Hepatic encephalopathy (HE) is a pathological condition defined by the spectrum of neuropsychiatric abnormalities which result from a liver dysfunction. It is known in the scientific community with a number of different names, such as portosystemic encephalopathy, liver encephalopathy or hepatic coma.
HE presentation can be classified based on the grading of its symptoms with the West Haven classification system. According to this system, there are five different grades of HE described as follows:
Grade 0: No detectable changes in the patient’s personality; minimal changes in memory, coordination, intellectual function and concentration.
Grade 1: Minimal lack of awareness; decreased attention capability; hypersomnia, insomnia, or inverted sleep pattern; depression usually accompanied by alternated moments of euphoria and irritability; slowed mental task performance (especially mathematical operations); mild confusion.

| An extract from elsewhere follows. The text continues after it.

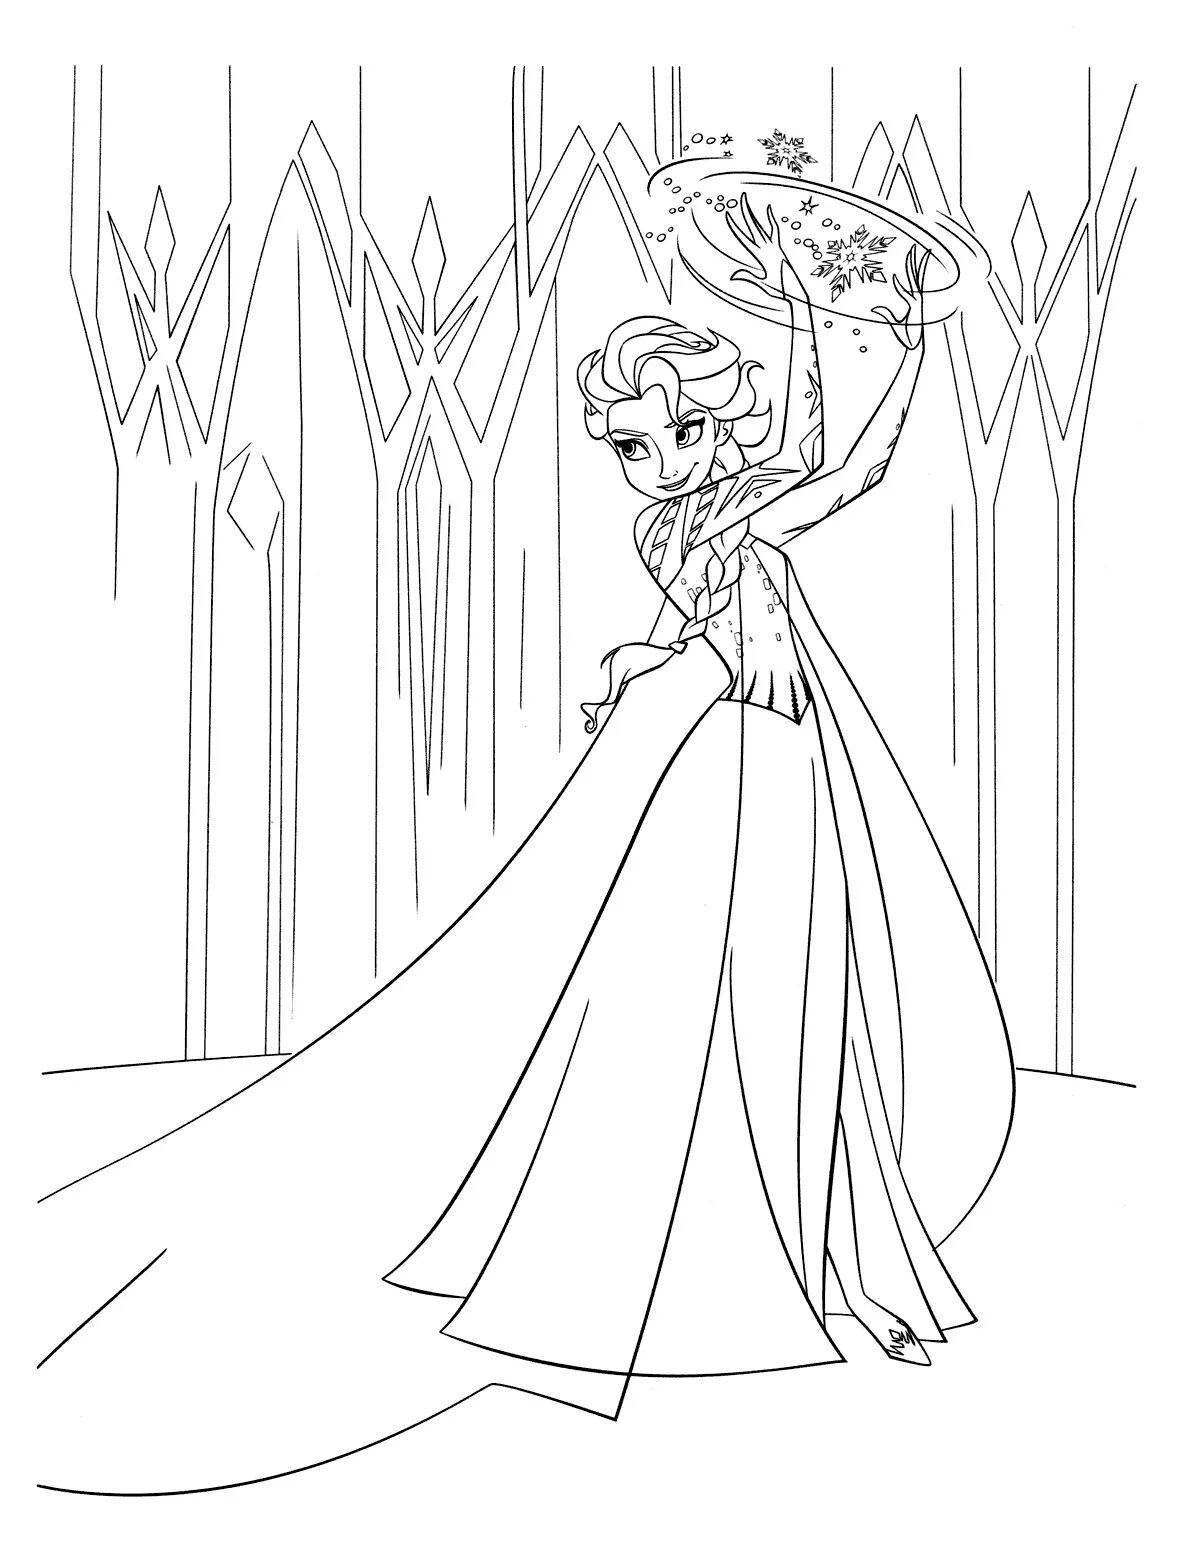 Coloring page charming queen elsa

Grade 2: Marked personality changes usually accompanied by inappropriate behavior and slurred speech; heavily reduced mental task performance; recurrent/intermittent time disorientation; frequent lethargy/apathy.
Grade 4: Coma frequently accompanied by the absence of painful stimuli response.
In grade zero and one HE is also defined as “covert”, because of the minimal evidence of symptoms. By contrast, in the remaining three grades HE is defined as “overt” because of the marked evidence of these symptoms  . The 11th World Congress of Gastroenterology in Vienna (1998) decided to further classify HE based on the underlying cause , in a system which includes three types of disease: type A, associated with acute liver failure, type B, associated with portal-systemic shunting, and type C associated with cirrhosis.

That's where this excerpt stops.